Thursday, November 21, 2013

The New German School and Late Romanticism (1850-1900)

Franz Liszt and Richard Wagner founded The New German School and attached to it the slogan "the music of the future".  It was at this time in music history that composers created the belief that music and beauty could be created without the academic rules and conventions of the preceding periods. Building from Berlioz's idea of a program symphony, composers such as Liszt wrote pieces in which the musical structure was created by events in said 'program' (the story off which the piece was composed) rather than by an abstract form (ie. sonata form).  However, this wasn't always the case. Liszt composed Les Preludes before pairing it with a poetic meditation by Lamartine. All in all, composers were relating specific poetry and stories to their music, compared to, say, the Third Symphony of Beethoven, that was inspired by ideals and liberties.

Richard Wagner (1813-1883) insisted that art arose from nature instead of convention. He expressed that 'art of the future' should express the 'essence of people from which it comes'. He aimed for his 'art' to include more than just music. It should include staging, singing, many emotions, and long extended passages where a single idea or emotion is expressed.



"The highest collective artwork is the drama; it can only be present in its greatest possible completeness when each type of art in its greatest completeness, is present in it"

These words sum up Wagner's thoughts on music and art. It is quite clear to us his viewpoints when we look at the massive works he composed...works of 5 hours, dense orchestral passages and never-ending emotional drive. To him, this was the music of the future...even more limitless than the music of Beethoven, which during his time was sometimes considered too long and demanding for the audience. His music was to serve the drama...not to 'please the public', as he claimed Mozart's opera did. "Music serves as a means to carry out the dramatic purpose."

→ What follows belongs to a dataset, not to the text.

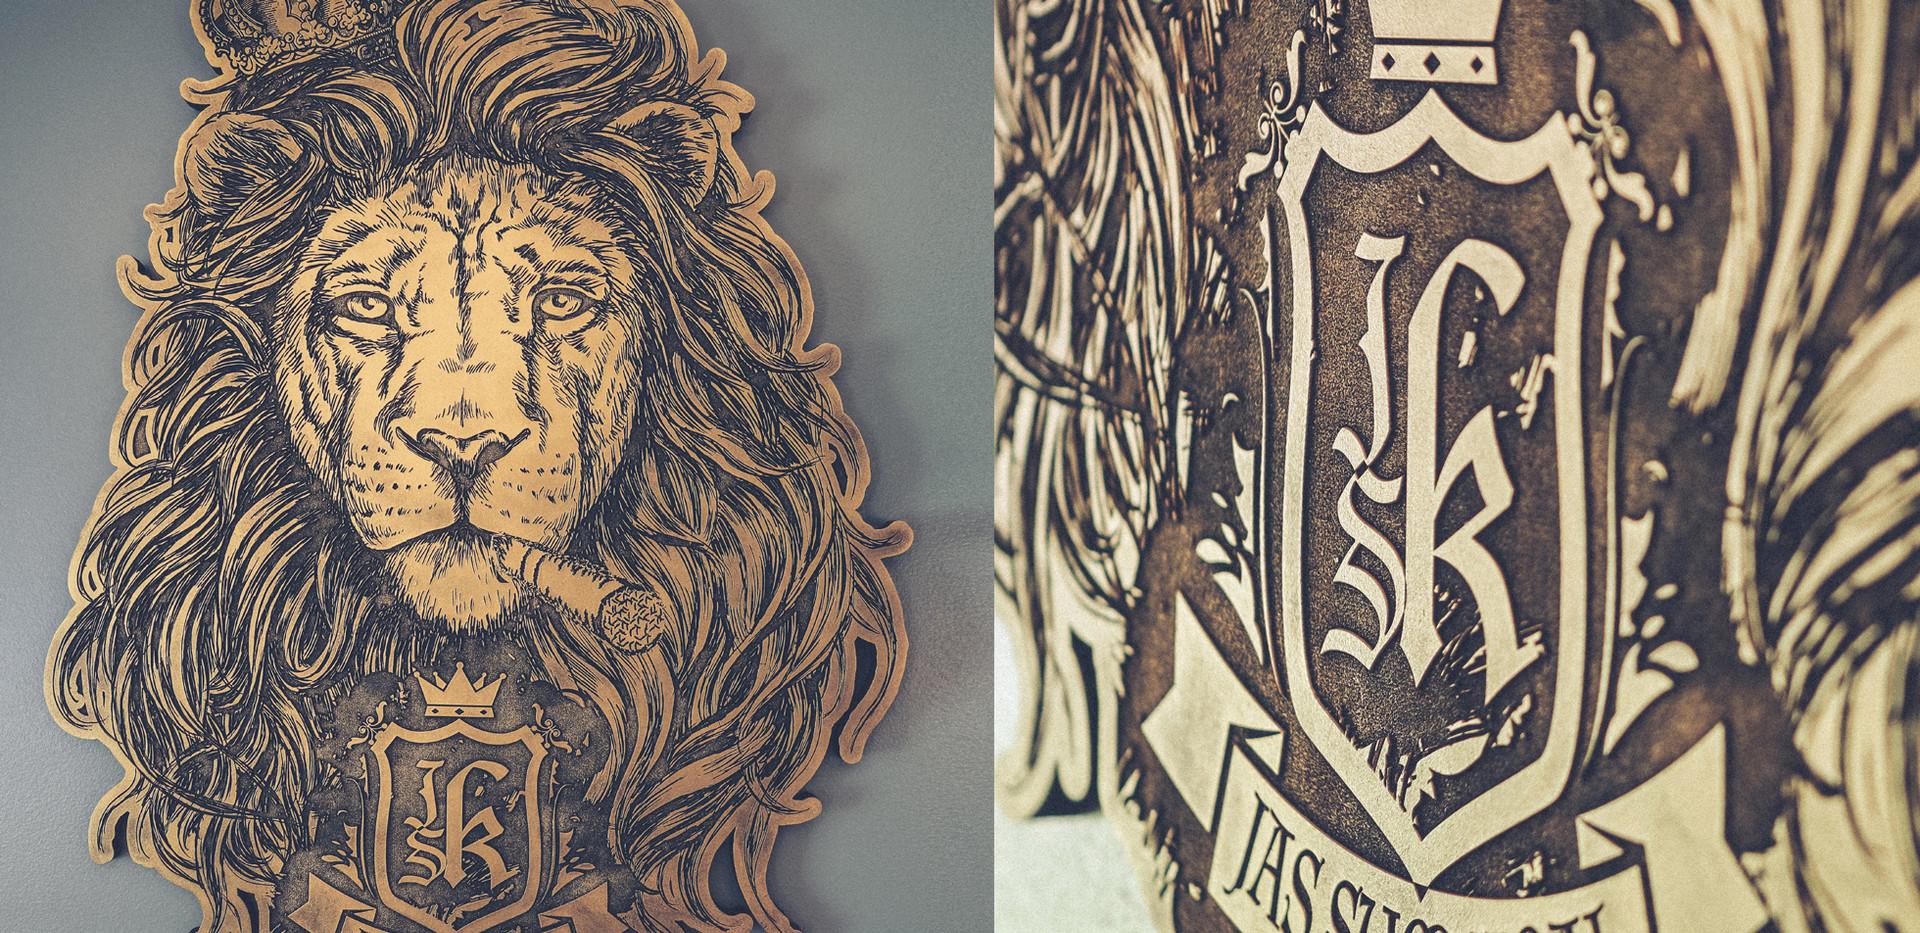 JSK Lion.jpg

I have come to realize that while music history progresses because of innovations in harmony, rhythm, tonality, and the like, it also progressed and developed because of the reactions composers had to the music preceding theirs. And so for Wagner, his music was a reaction to Beethoven's music-he believed the next place music had to progress from was Beethoven's Ninth Symphony.

Some composers of the late romantic period opposed the ideas of the New German School and continued to compose and expand upon the ideas in the classical tradition. That is to say, they expanded tonally the music of their predecessors (Beethoven, Schubert) but remained more in line with the four movement sonata plan and other classical forms. If Beethoven had lived longer, would it be possible to say that his music would have been similar to Brahms'? It is very interesting to compare the music of Brahms and Wagner and realize that they were composing in in the same time.

In Wagner's Prelude to Tristan und Isolde, the constant sense of longing and unresolved desire can be contrasted with the opening of the fourth movement of Brahms' Fourth Symphony. While there may well be a sense of longing in Brahms' music, there are also points of arrival-something that doesn't really happen in Wagner's music until the end of the 4 hour work! This shows how different the composers' interpretations of art and the expression of emotion were. The intense outpouring of emotion into the music of late Romanticism is very starkly contrasted in the next period - impressionism - which proved to be a reaction to the German style that dominated during the time of Wagner, Brahms, and their contemporaries.